“I regret that we didn’t have more children after you and Ellie. After Ellie died… it was difficult enough to handle you. And dear god you were a lot to handle sometimes. Now? I wish we had another one, but it’s too late now, isn’t it?”
My mother’s fortyfifth birthday is in four months time, and by that time she will be back in Sweden in her new job. She rang yesterday to tell me that everything had been sorted. All the contracts had been signed, and she had given notice on her house up in the village near Coventry. In January she leaves that job, then she spends a few weeks idle and packing, and then she goes back to Sweden.
In the middle of that, she’s going to become a forty-five year old woman, and when she mentioned it in passing, she said what she said, and I don’t know what to think about it. In a way I’m so used to being an only child, even if I’m really not. And Ellie does keep popping out of my memories from time to time. Like she’s a ghost that is real, like she’s still there somehow and affect my life.

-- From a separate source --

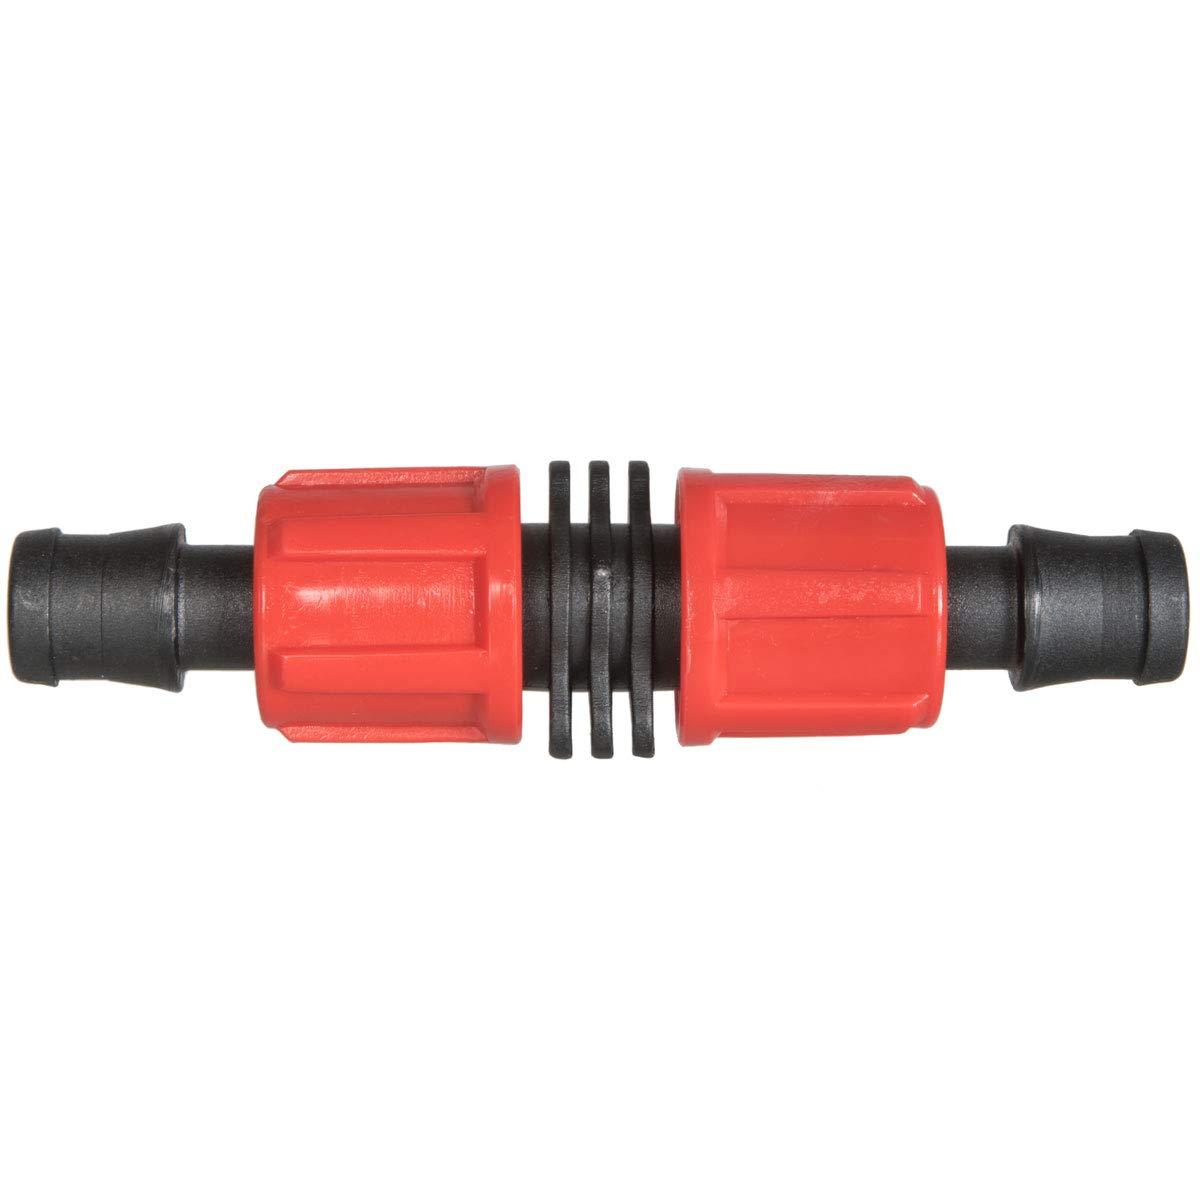 HBZ-05 HOLZBRINK 5X Raccordo 16 mm 5//8 per Il Collegamento dei Tubi e Linee di Gocciolamento

Forty-five is nothing, of course, just like nineteen is nothing. There’s such an age gap between my uncle and aunt and mother. She was just a little girl when they started to migrate around England after Thatcher’s razing of the North. Auntie and my uncle were older. Uncle was old enough to stay behind when they moved south, and then eventually he moved north to Scotland. Auntie was a teenager by then, but not old enough to do like uncle.
Sometimes I wonder what it would have been like if we had stayed up there. I would have been a proper Yorkshireman. Of course, I wouldn’t have existed at all because mum had to go down to the south to go to university, and then meet my dad in London all those years ago.
Isn’t it strange how coincidences become strands. Doing something becomes a ripple that carry through several lives, several generations. Like, how many of Europe’s present population would even be alive hadn’t there been the two world wars in the last century? How would things have been different if the old monarchies and empires hadn’t been smashed up by the weight of history?
And what would have happened had my grandfather refused to wander around, got on his bike as Norman Tebbit put it, to move south to look for a job? Maybe then my mother would not still grieve for a lost girl, and be a Yorkshire woman with a big family and no knowledge of me and Ellie and dad at all, because we would never have happened.
Picking at threads like that is fun, isn’t it? Coincidences and chance meetings and little things reverberate through generations, and we don’t even think about it. And what ripples will I make? What ripples have I made? What if I had never got the idea to move here? Would Mark be with someone else? Would I have someone? Would Mark be happy? Would I? Would I still be miserable and in the closet in Sweden?
One can never know, right?
Be careful with the little things. They can have big consequences.
Well for sure…
I sneezed four times this morning…. so stand by for January floods in Surrey…
What fascinates me more is ‘six degrees of separation’….. I travel and have always traveled a lot for my job. Time and again in unexpected places I meet people who know people who are aware of someone eventually mutual to both of us. Usually connected through work of course.
The best one was when I was in a very remote area of West Australia. I was loading an oil tanker from an automatic oil well. The oil well ran unmanned for most of the year until a level alarm in an attached storage tank would notify the operators there was now enough product to ship out. So, there I was with a group of people local to the area and got to chatting with a very nice girl there to assist with paperwork. When she found out that I am Scottish she told me of her recent amazing adventure to some small village in Scotland to visit this Aunty she had heard of in the family. As the story went along, I realised she had been in my village and had been living in a guest house just 150 meters away from my house. She thought I was joking with her until I drew a map of the village streets and could describe the people she had stayed with….
Now, that’s coincidence! For me to travel thousands of miles to the Australian remoteness and find another person who had been staying right beside me in Scotland a few months before.
It seems like coincidence, but there’s an explanation. Humans are tribal. We group ourselves using a combination of ethnic, cultural, financial (etc.) characteristics. In a globalized world, that means there are no borders (for the middle and upper classes.) This was already true for the elites all the way back to the 18th century.
Everyone who could afford to do so, vacationed in the same areas, travelled to the same places etc. Many of the people who did a grand tour, no matter where they were from, ended up meeting.
Think of it this way. I grew up mostly in South and North America, now I live in Spain and three of the families who have houses on my street are families I’ve known since childhood. Not the same people, but members of the same families.
The scariest part of this post is the realization that your mom is over a decade younger than me. #GrowingOldIsABitch
And nearly two decades younger than me :O.
See Colin when you become a full time writer you’ll have the old gay/queer audience in the palm of your metaphorical hand.